What is the 3 sigma upper limit on the scatter?
mean_samples, scatter_samples = result['samples'].transpose()
# get 3 sigma quantile
quantile = scipy.stats.norm().cdf(3)
# look at the value:
print('scatter is < %.4f km/s at 3 sigma (%.3f%% quantile)' % (scipy.stats.mstats.mquantiles(scatter_samples, quantile), quantile*100))
scatter is < 30.9846 km/s at 3 sigma (99.865% quantile)
/tmp/ipykernel_1120772/3744159922.py:7: DeprecationWarning: Conversion of an array with ndim > 0 to a scalar is deprecated, and will error in future. Ensure you extract a single element from your array before performing this operation. (Deprecated NumPy 1.25.)

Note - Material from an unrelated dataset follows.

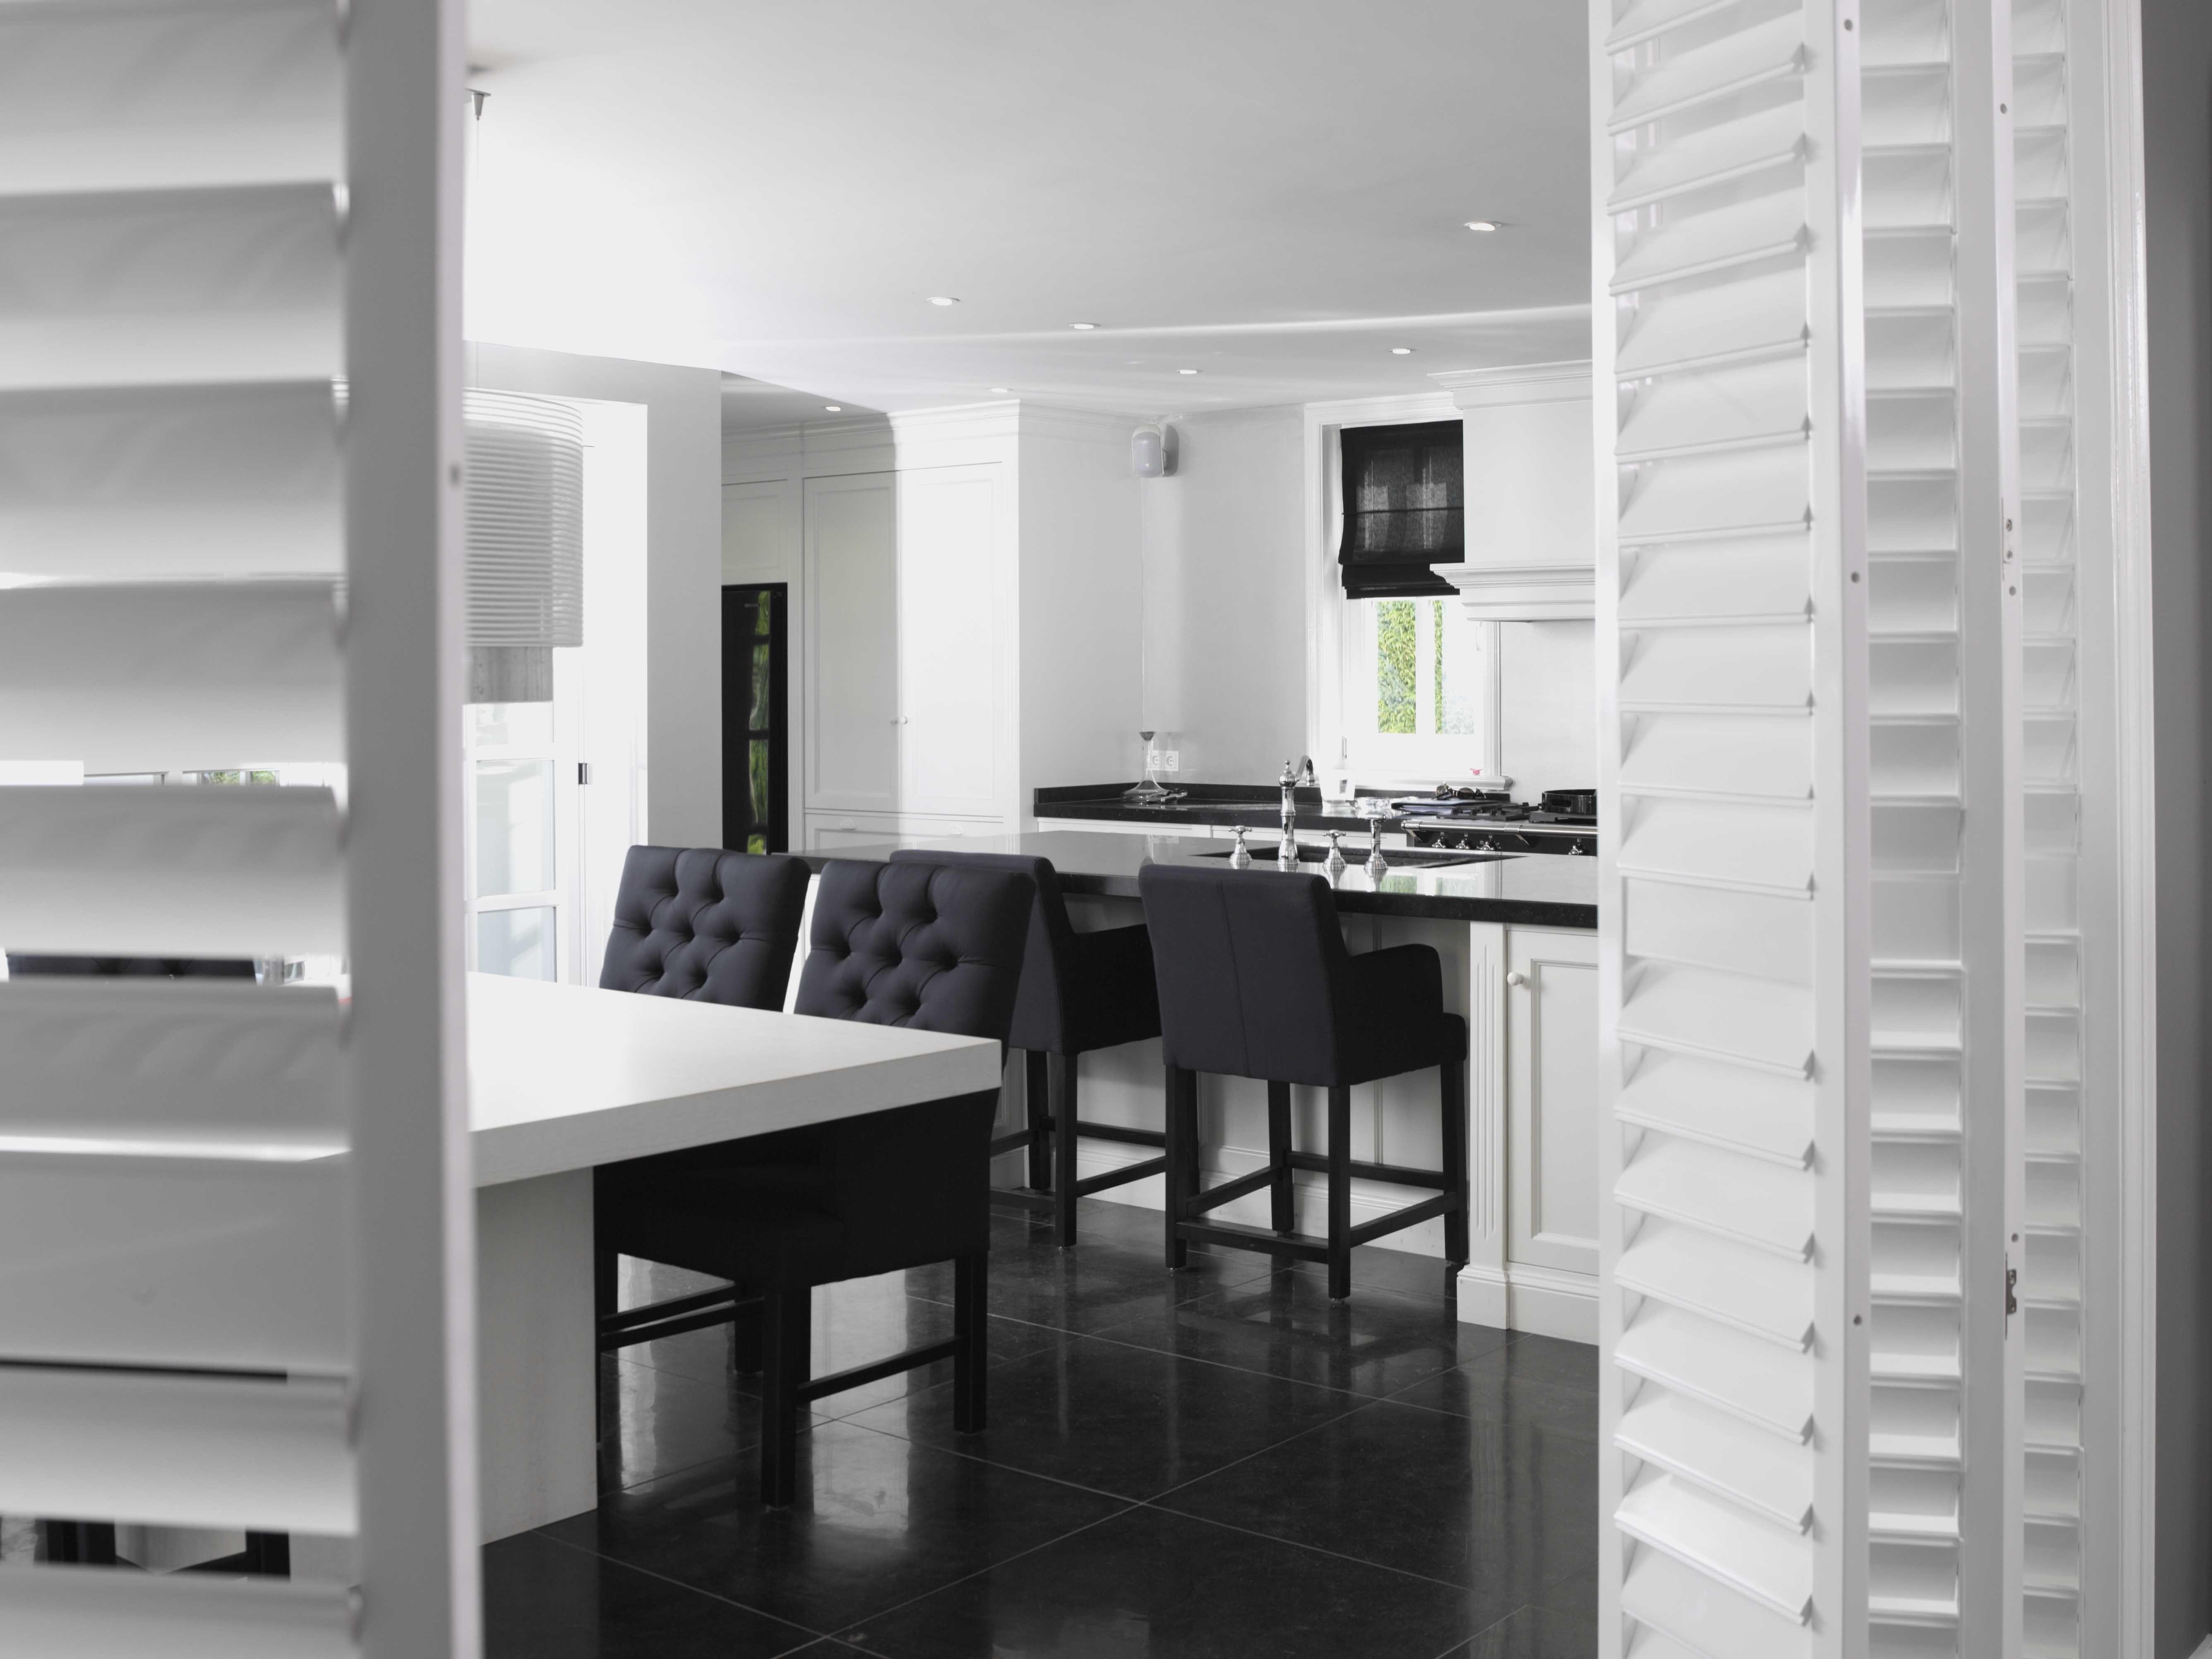 Gordijn Als Scheidingswand : Shutters vouwrailsysteem als scheidingswand in zwart witte keuken

print('scatter is < %.4f km/s at 3 sigma (%.3f%% quantile)' % (scipy.stats.mstats.mquantiles(scatter_samples, quantile), quantile*100))
plt.subplot(2, 1, 1)
plt.errorbar(x=values, xerr=[values_lo, values_hi], y=range(n_data),
marker='o', ls=' ', color='orange')
plt.xlim(-100, 100)
plt.subplot(2, 1, 2)
plt.xlim(-100, 100)
from ultranest.plot import PredictionBand
x = np.linspace(-100, 100, 400)
band = PredictionBand(x)
bandc = PredictionBand(x)
for params in sampler.results['samples'][:40]:
mean, scatter = params
band.add(scipy.stats.norm(mean, scatter).pdf(x))
band.shade(color='k', alpha=0.1)
Try adjusting the number of live points (min_num_live_points) and effective sample size (min_ess) parameters above to decrease the uncertainties.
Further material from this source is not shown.